4. The deep learning-based network attack detection apparatus according to claim 1,

the reconstruction module is composed of an automatic encoder and utilizes the expression characteristic z_iGenerating reconstruction features

in the above formula, M represents the number of batch trainings;

when the parameters of the extreme value fitting module are trained, firstly, the reconstruction errors e ═ e (e) of all known flow rates are calculated according to the following formula₁，e₂，…，e_N)：

5. The device according to claim 1, wherein the predicting the type of traffic to be tested according to the probability that the traffic to be tested is a known type and the probability that the traffic to be tested is an unknown attack comprises:

the probability that the flow to be measured is of a known type is recorded

Using probabilities

And P_EVT(e') calculating and updating the probability p that the traffic to be tested belongs to unknown attack_u：

Deciding the type of flow to be measured

Wherein, y^*Indicating a known type, α is a hyperparameter.

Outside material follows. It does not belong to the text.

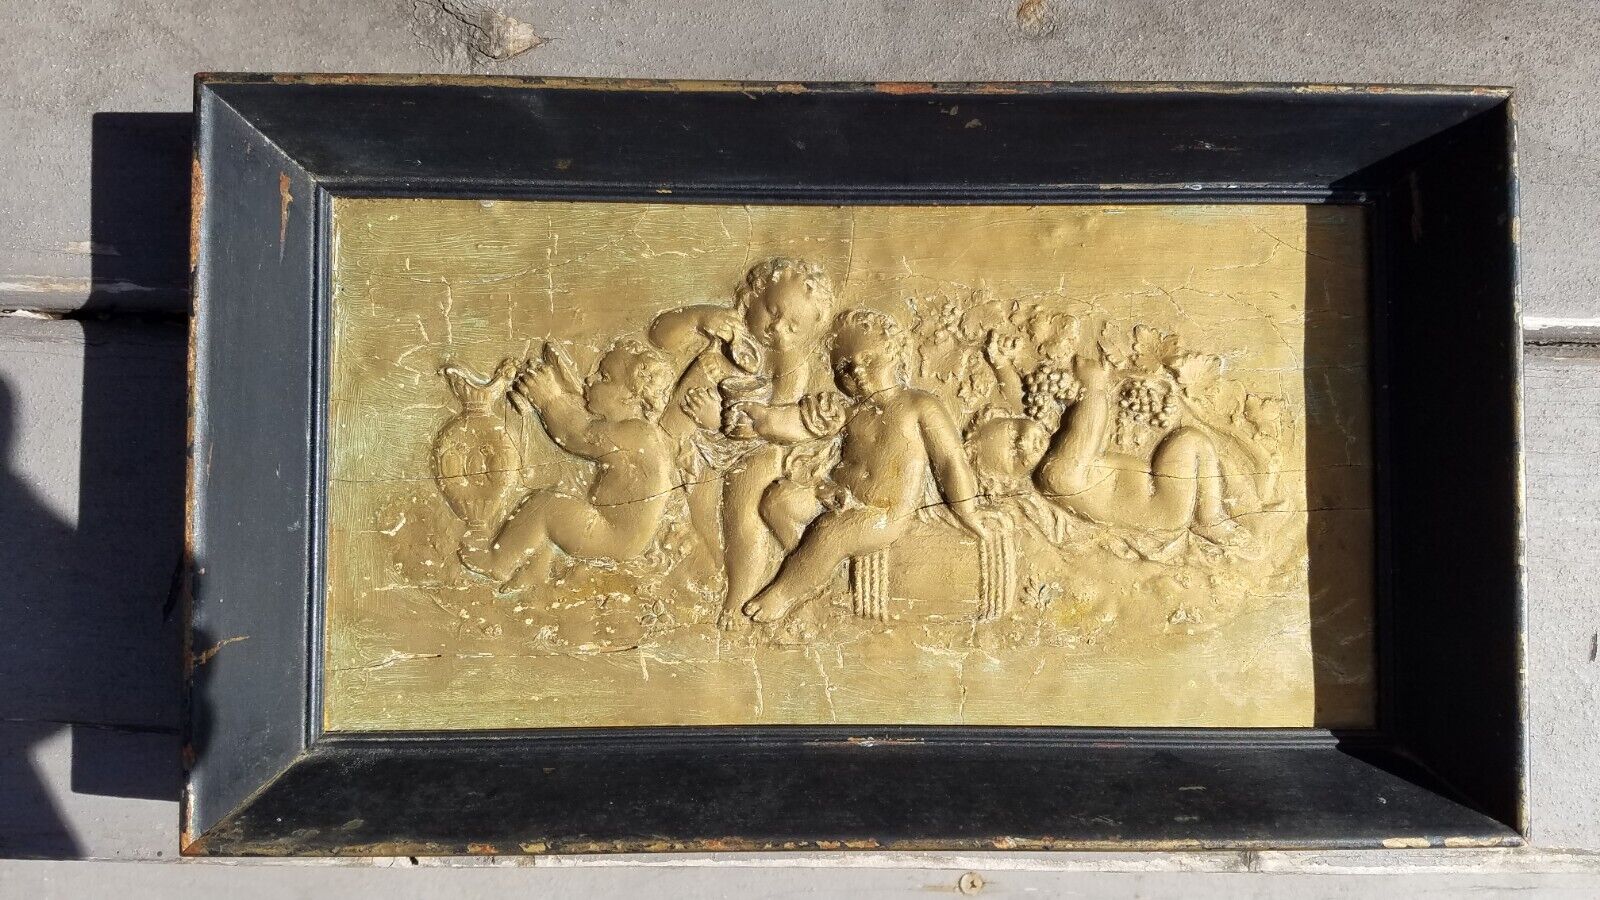 Antique wooden relief picture cherubs painted or gilded gold

6. A network attack detection method based on deep learning is characterized by comprising the following steps:

extracting expression characteristics from the flow to be detected;

7. The method for detecting network attacks based on deep learning of claim 6, wherein the method further comprises:

acquiring original flow from a network;

8. The method according to claim 6, wherein the network attack detection method based on deep learning,

extracting expression characteristics and evaluating the probability that the flow to be detected is of a certain known type according to the expression characteristics respectively through a convolutional layer and a full connection layer of a convolutional neural network; the convolution layer is used as a feature extraction module, and the full-connection layer is used as a known type classification module;

Wherein

is label y_iIs a one-hot coded form of (j) is

The jth element in (a).

9. The method according to claim 6, wherein the network attack detection method based on deep learning,

the reconstruction expression characteristic is realized by a reconstruction module, the reconstruction module is composed of an automatic encoder, and the reconstruction module utilizes the expression characteristic z_iGenerating reconstruction features

in the above formula, M represents the number of batch trainings;

10. The method as claimed in claim 6, wherein predicting the type of traffic to be detected according to the probability that the traffic to be detected is of a known type and the probability that the traffic to be detected is of an unknown attack comprises:

the probability that the flow to be measured is of a known type is recorded

Using probabilities

Deciding the type of flow to be measured

Wherein, y^*Indicating a known type, α is a hyperparameter.